Alongside the Gunboat Yard, within the same compound, stands the Admiralty Experiment Works (later part of the Defence Research Agency and now owned by QinetiQ). It contains a 540 ft concrete water tank, built in 1884 to test different hull designs using wax models, and still in use today. The tank was built for the Admiralty by Robert Edmund Froude in order to carry on the pioneering work of his father, William Froude, who had died in 1879. Over time, as the Gunboat Yard was reduced in size, the Experiment Works expanded to fill the available space.

==Golf course==
In the late 19th century, a 9-hole golf course was built on the Southern tip of Haslar peninsular, and used by local military as a means of exercise. The United Services Club was established in 1885. In 1905, the club merged with the adjacent ladies of Alverstoke, who had founded their own 9-hole course in 1893, but they did not share a clubhouse until 1924. The club adopted the name of Gosport and Stokes Bay Golf Club in 1939 as an acknowledgement that it was no longer a service and ex-service personnel only club.

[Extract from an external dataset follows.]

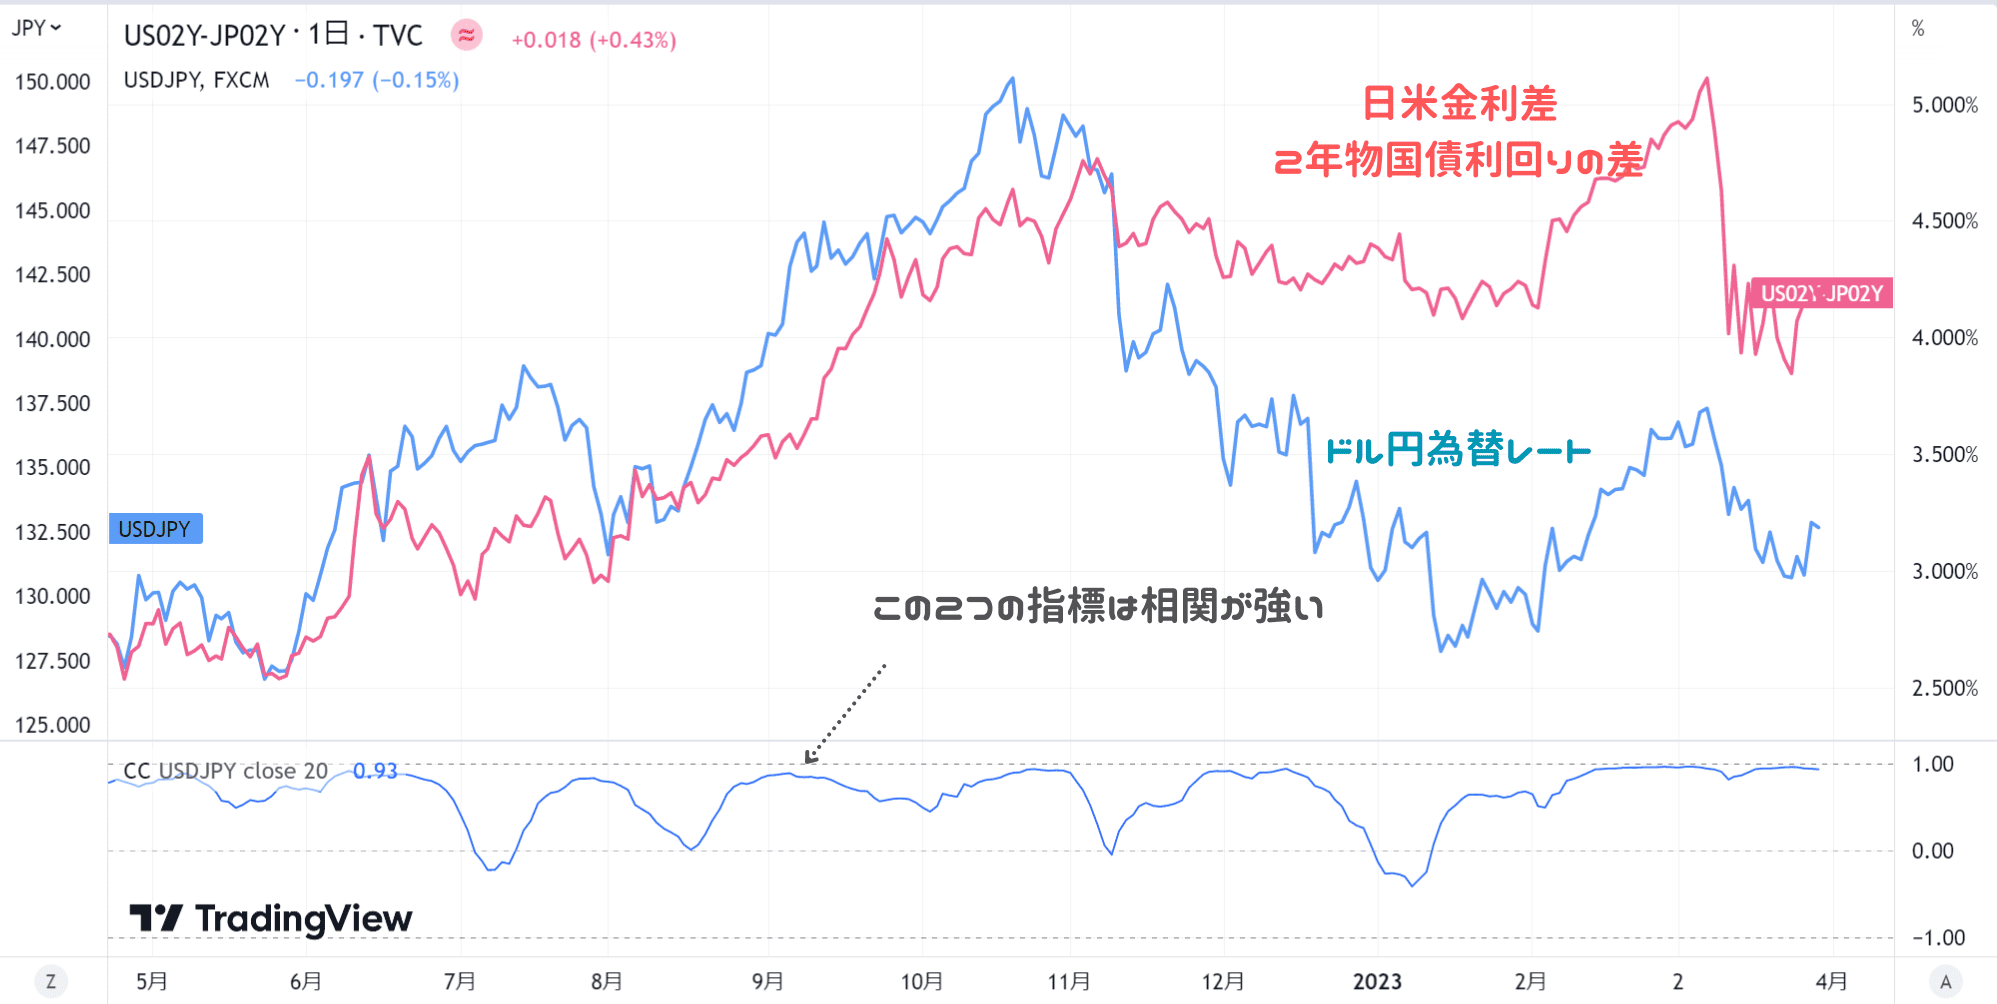 日米金利差とドル円為替レート
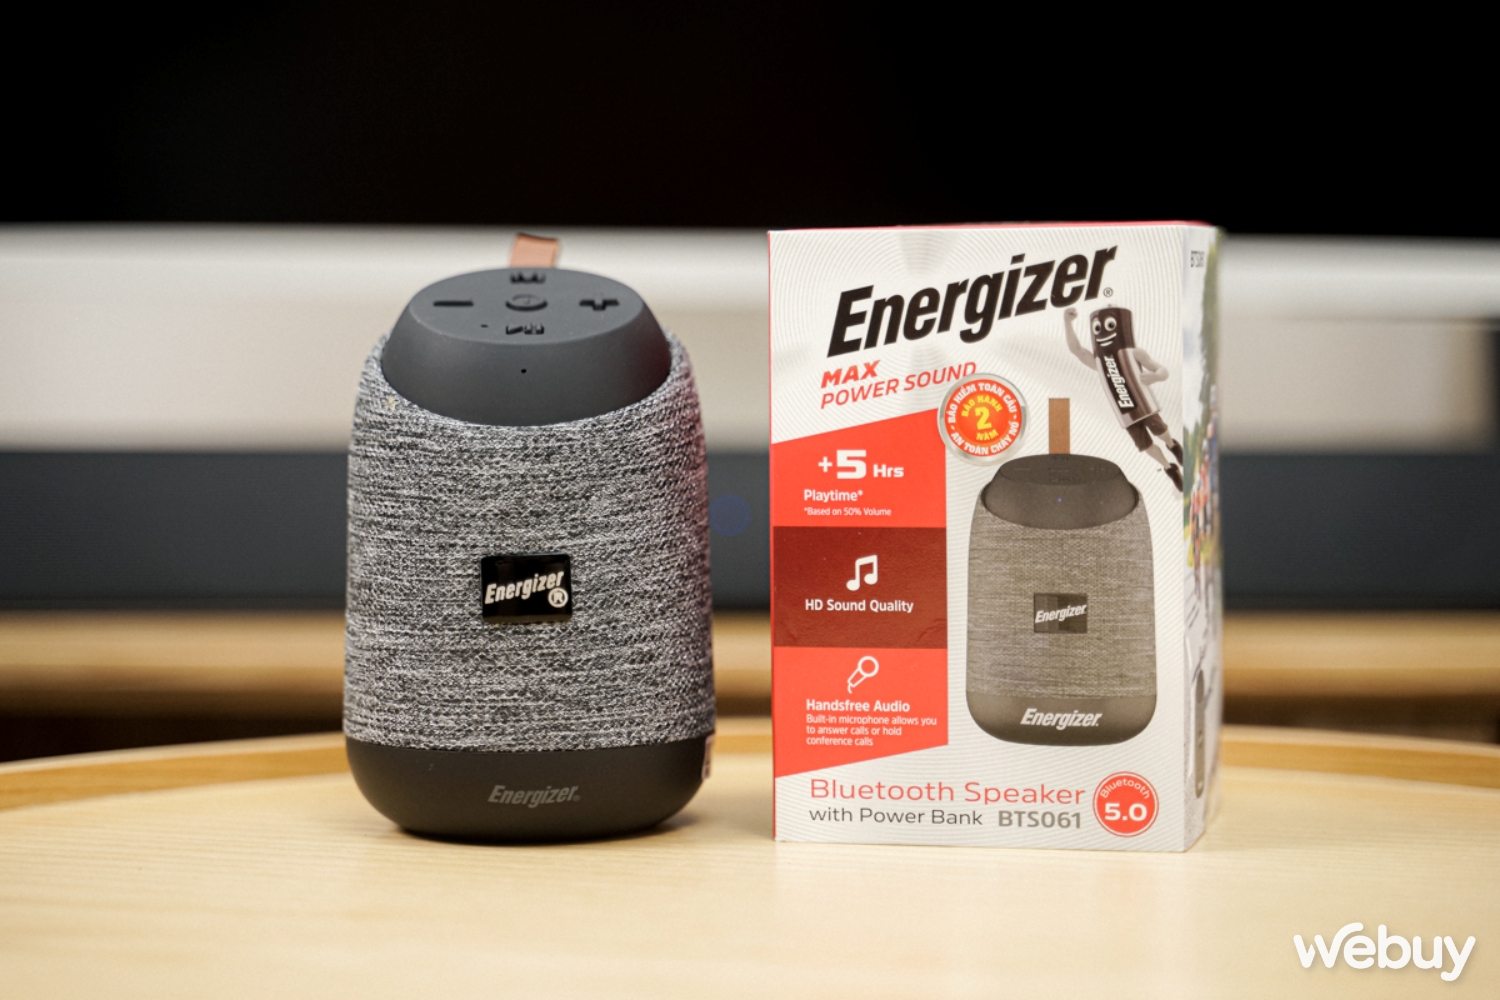 Săn sale loa mini Energizer giảm 70%: Nghe đủ hay, pin đủ lâu nhưng phải giảm giá mới đáng mua - Ảnh 1.

It is claimed that in 1892, secretary of Great Yarmouth Club, Dr Thomas Browne, visited the United Services Club and introduced the members to the term "the bogey man", an invisible opponent invented by Hugh Rotherham of Coventry. The members, being all officers, duly promoted the bogey man to the rank of colonel.

==Other features==
Also here is Haslar Marina, which, along with Weymouth, East Cowes and Portland, is part of the Dean and Reddyhoff marina group. A large green lightship Mary Mouse II is permanently moored on the outside of the marina, by the harbour entrance. The Royal Navy Submarine Museum is found nearby. Haslar Immigration Removal Centre (formerly Haslar Prison) stands to the south-west of the former Hospital site.